Basketball 3 Pointers – Is it equal worldwide?

Shooting for 3 points in official basketball games was only possible since the 1979 NBA’s (USA National Basketball Association) season. This regulatory body of basketball decided to grant 3 points for all field goals made beyond the three point line (without stepping it, even though the body of the player may surpass the line if he/she is in the air while throwing the ball). Until 1994 this line – an arc at a set radius measured from the point on the floor directly below the center of the basket, and two parallel lines equidistant from each sideline extending from the nearest end line to the point at which they intersect the arc – was defined by the NBA as having a 7.24 m distance (6.7 metres at the corners). Between 1994 and 1997 the distance was changed to an equidistance of 6.7 metres in all parts of the field to enhance 3 pointers, but reverted to its original distance afterwards.

In other countries, official 3 pointers only saw the light of day in 1984 when FIBA (The sport’s international governing body) introduced it in its rules. However the 3 point line was initially marked at a distance of 6.25 metres all over the field.

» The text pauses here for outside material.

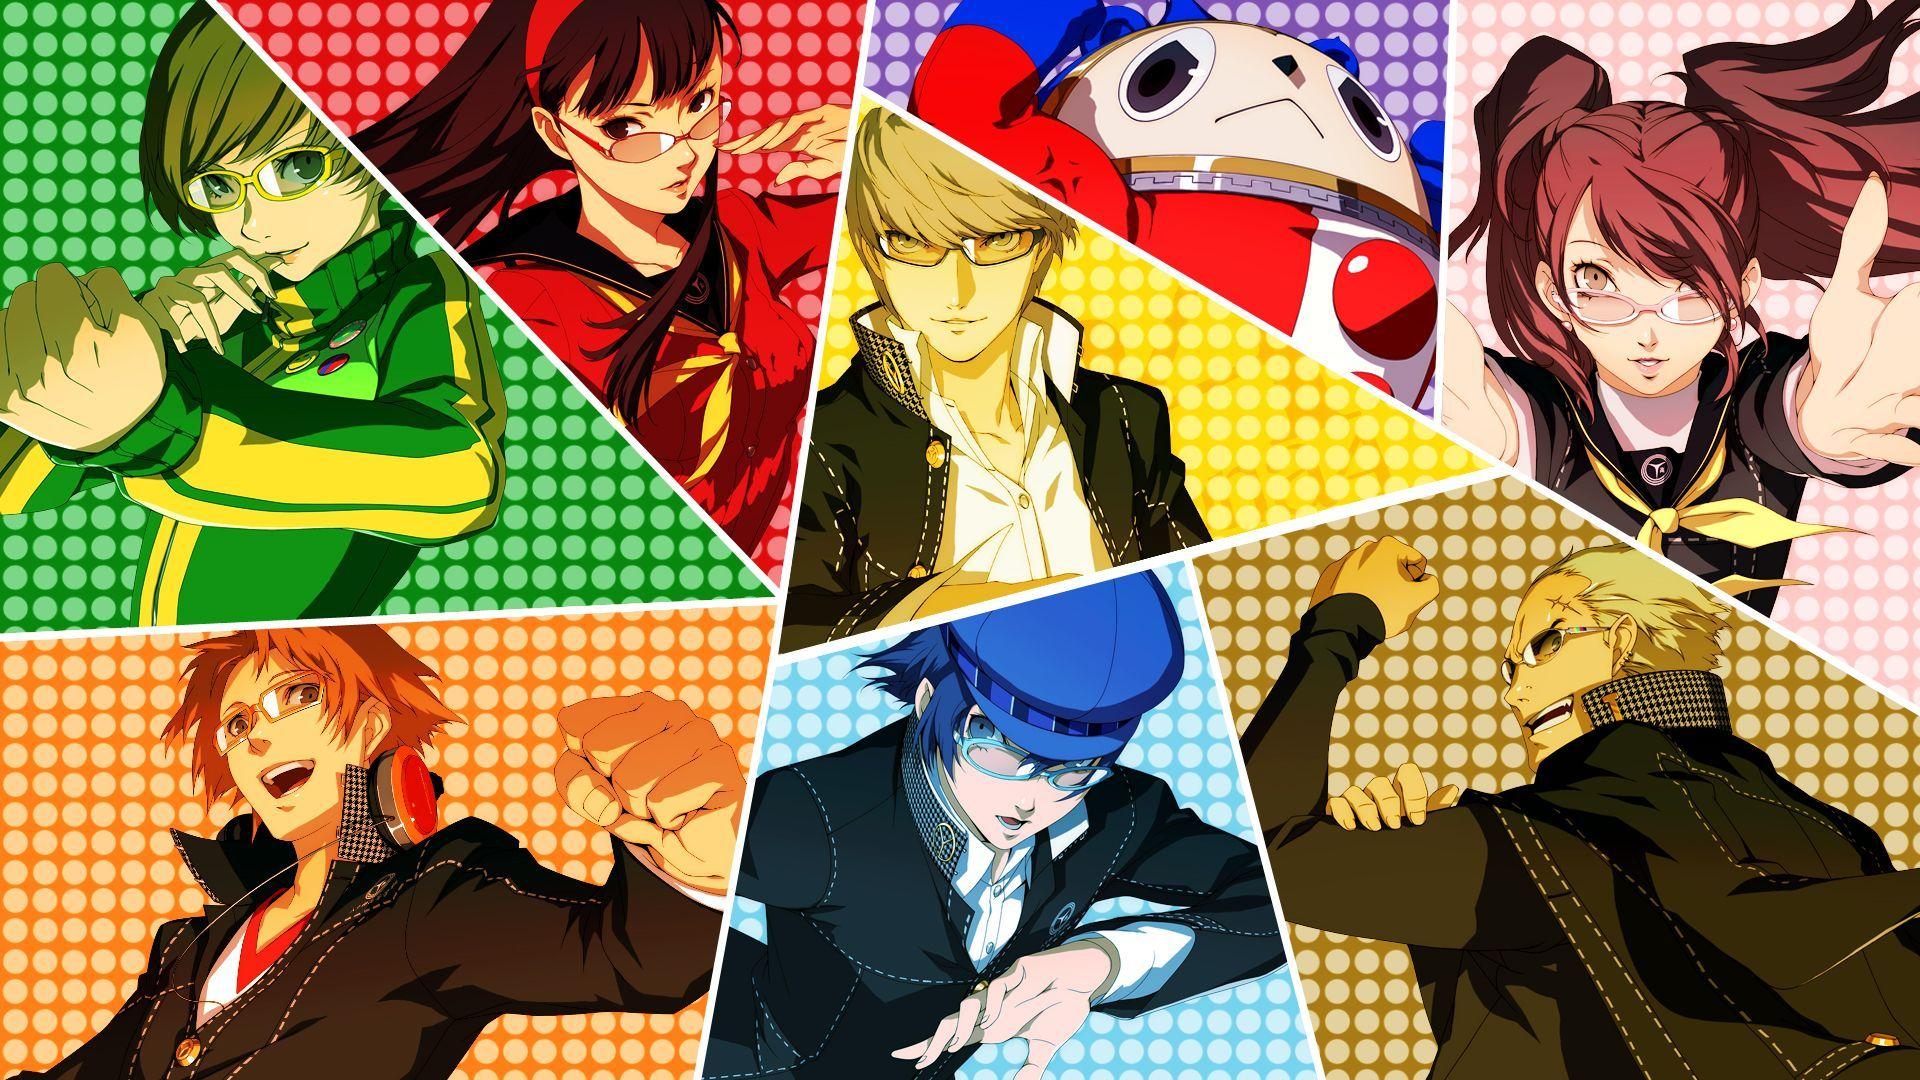 Persona 4 HD Wallpaper Free Download. Persona squad

Only from the end of 2010 this line was increased to 6.75 metres, distance that still stands nowadays. So, with the exception of corner throws, an almost 0.5 metres overmark exists in NBA games relatively to other championships in what respects 3 pointer shots, making scoring harder in the USA. If a shooter is fouled while attempting a three-pointer and subsequently misses the shot, the shooter is awarded three free-throw attempts. If a player completes a 3-pointer while being fouled, the player is awarded one free-throw for a possible 4-point play.